EUROZONE: The S&P Global Eurozone Manufacturing PMI fell to 49.8 percent in July 2022 from 52.1 percent in June. The new reading was the lowest since June of 2020. New orders fell for the third month in a row, while input and output costs fell to 17- and 15-month lows. Expectations for manufacturers were negative and more companies are expected to decrease output in the coming year.

GERMANY: The S&P Global/ ME Germany Manufacturing PMI for Germany was reported at 49.3 percent for July to mark the first contraction in factory activity since June 2020. New orders hit a two-year low based on a reduction in investment spending, higher prices, increased stock levels for customers and ongoing supply chain challenges. Production levels declined and goods producers decreased purchasing activity for the first time since 2020 as inventories increased sharply. The decrease in demand reduced supply chain pressure which eased cost inflation and output prices. The business outlook was the lowest since 2020.
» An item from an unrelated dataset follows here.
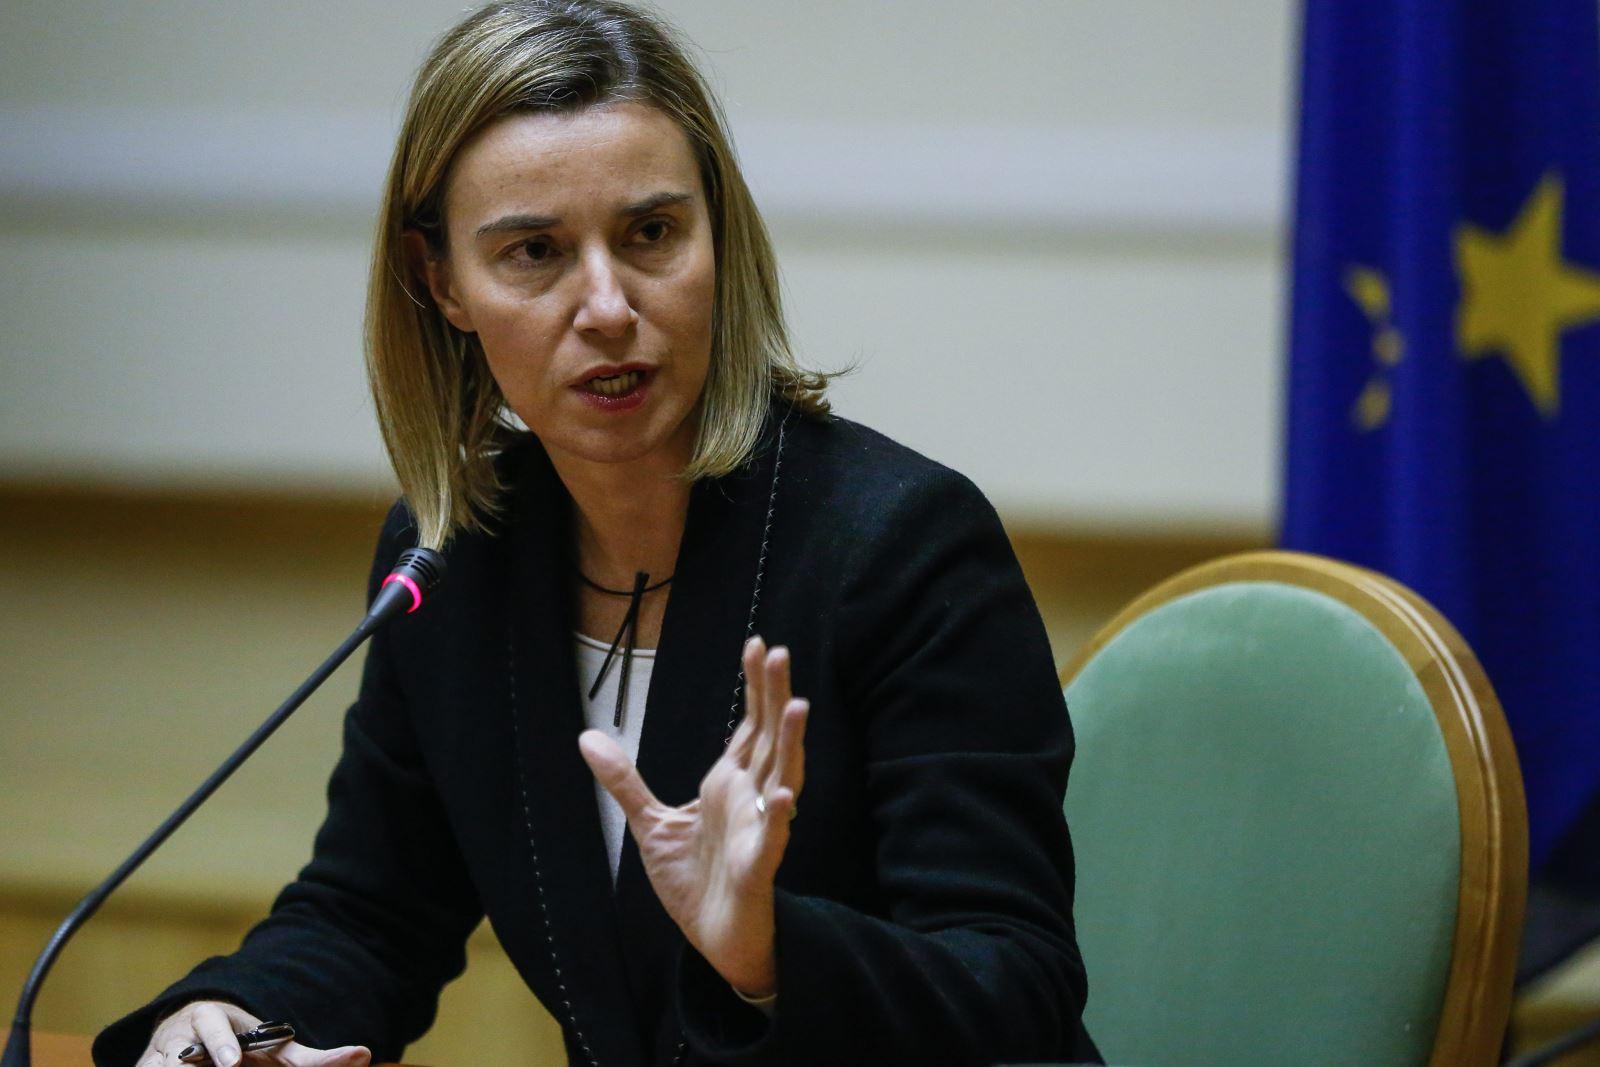 Евросоюзу нужно, если не полное решение, то заморозка конфликта на Донбассе и вокруг Крыма (на фото: Верховной комиссар ЕС по иностранным делам и политике безопасности Фредерика Могерини)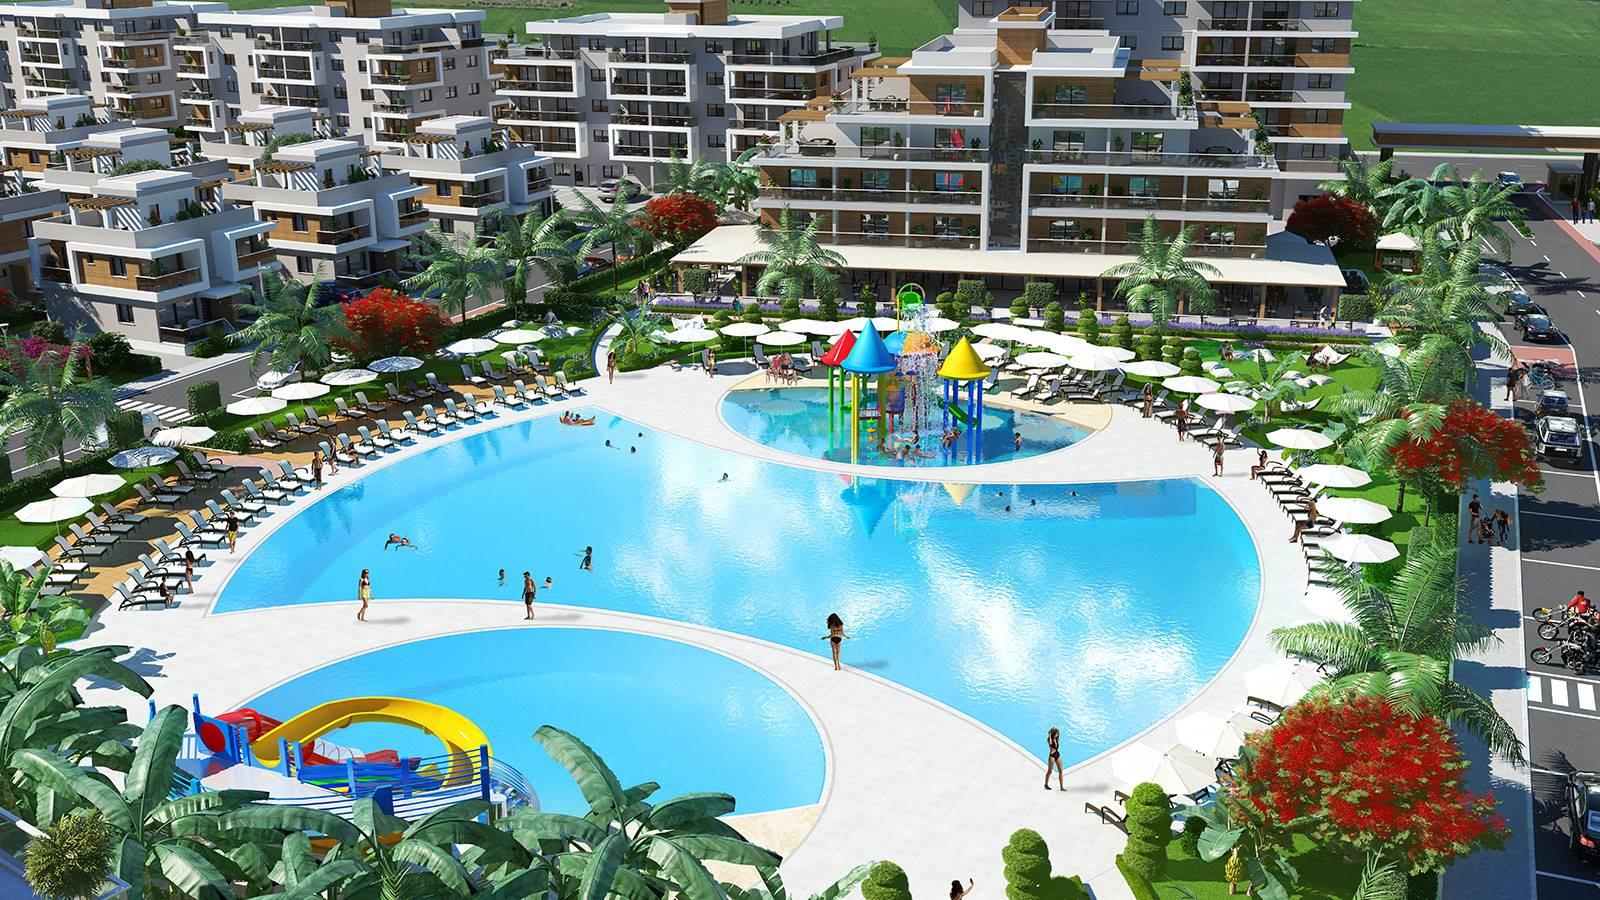 Royal Sun Elite, Iskele, Middelhavet, feriebolig, strand, sol, Long Beach, pool, basseng, restaurant, vannsklie

ITALY: S&P Global reported a 48.5 percent Manufacturing PMI for Italian manufacturers for the month of July — a sharp fall from the 50.9 June reading. Reduced demand and rising cost inflation, led to a strong decrease in manufacturing activity for Italy. Export orders decreased to their lowest level in 26 months. Employment also slowed significantly as backlogs of work declined. Cost inflation decreased as well as output prices, but the business outlook was still pessimistic.